# Primetime Adventures: The Greatest TV Show That Never Was (seeking people, NYC area)



## anonystu (Nov 25, 2004)

Primetime Adventures is a new, radically creative game that is about creating a TV melodrama (in the vein of Alias, 24, Six Feet Under, Buffy, etc). Extremely simple to pick up (appropriate for those new to RPGs entirely), you can cooperatively create a TV show, define protagonists, and play the first episode in a night. In addition, the game heavily emphasizes everybody contributing: all players get turns at choosing what the next scene will be, and all players get to narrate and resolve conflicts. 

It's a really exciting game to me, and I'm looking to run. I've already got some players, and would like more. Time, location are flexible as long as it's in the NYC area roundabouts. Your commitment is only to coming to the creation/pilot episode session, so if you like it, great, I plan to play through a short session (5 weeks), if not, no need to stick around. 

Sign here if interested, and feel free to ask questions.


----------



## knitnerd (Nov 29, 2004)

anonystu said:
			
		

> Primetime Adventures is a new, radically creative game that is about creating a TV melodrama (in the vein of Alias, 24, Six Feet Under, Buffy, etc). Extremely simple to pick up (appropriate for those new to RPGs entirely), you can cooperatively create a TV show, define protagonists, and play the first episode in a night.
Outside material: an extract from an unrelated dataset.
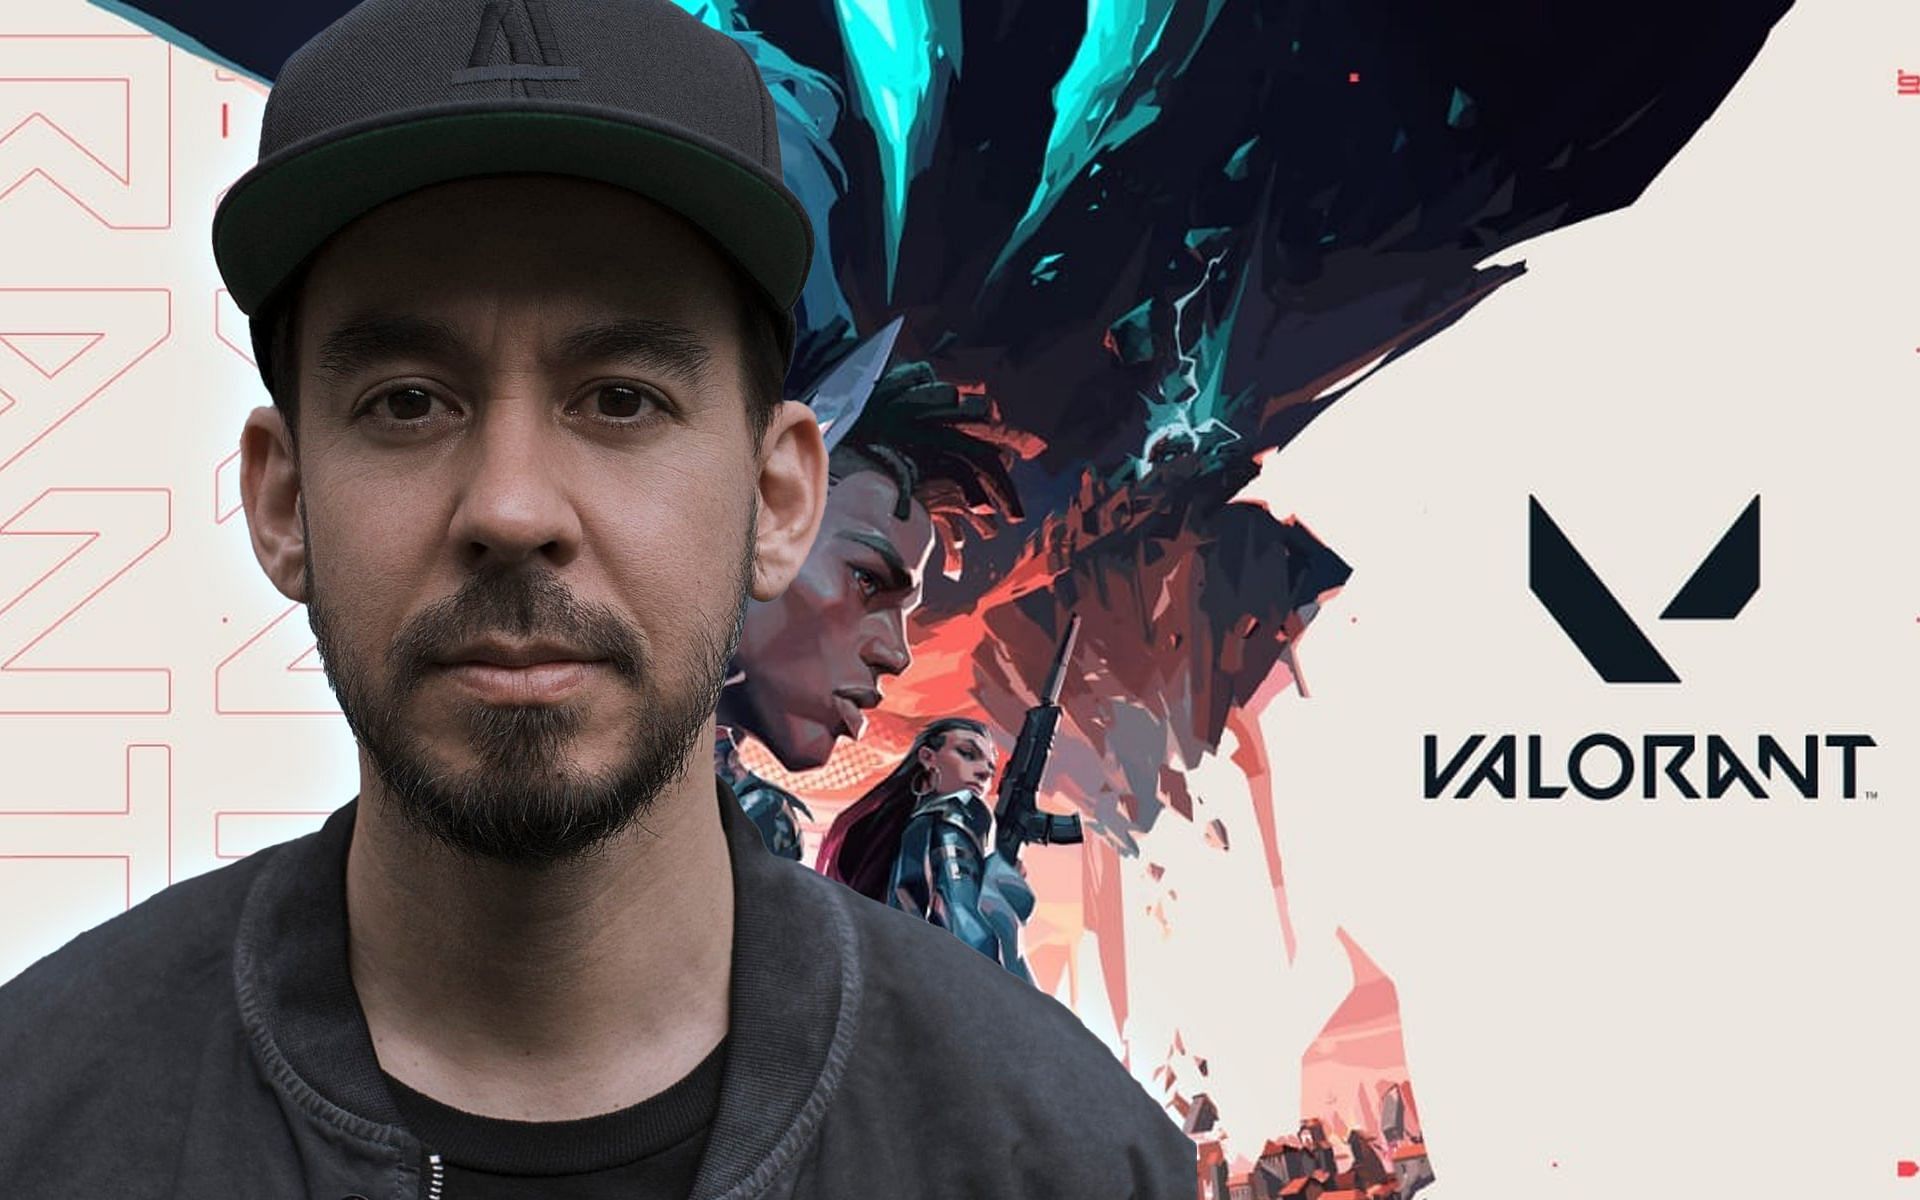 Mike Shinoda claims to be a Valorant fan (Image via Sportskeeda)

In addition, the game heavily emphasizes everybody contributing: all players get turns at choosing what the next scene will be, and all players get to narrate and resolve conflicts.
> 
> It's a really exciting game to me, and I'm looking to run. I've already got some players, and would like more. Time, location are flexible as long as it's in the NYC area roundabouts. Your commitment is only to coming to the creation/pilot episode session, so if you like it, great, I plan to play through a short session (5 weeks), if not, no need to stick around.
> 
> Sign here if interested, and feel free to ask questions.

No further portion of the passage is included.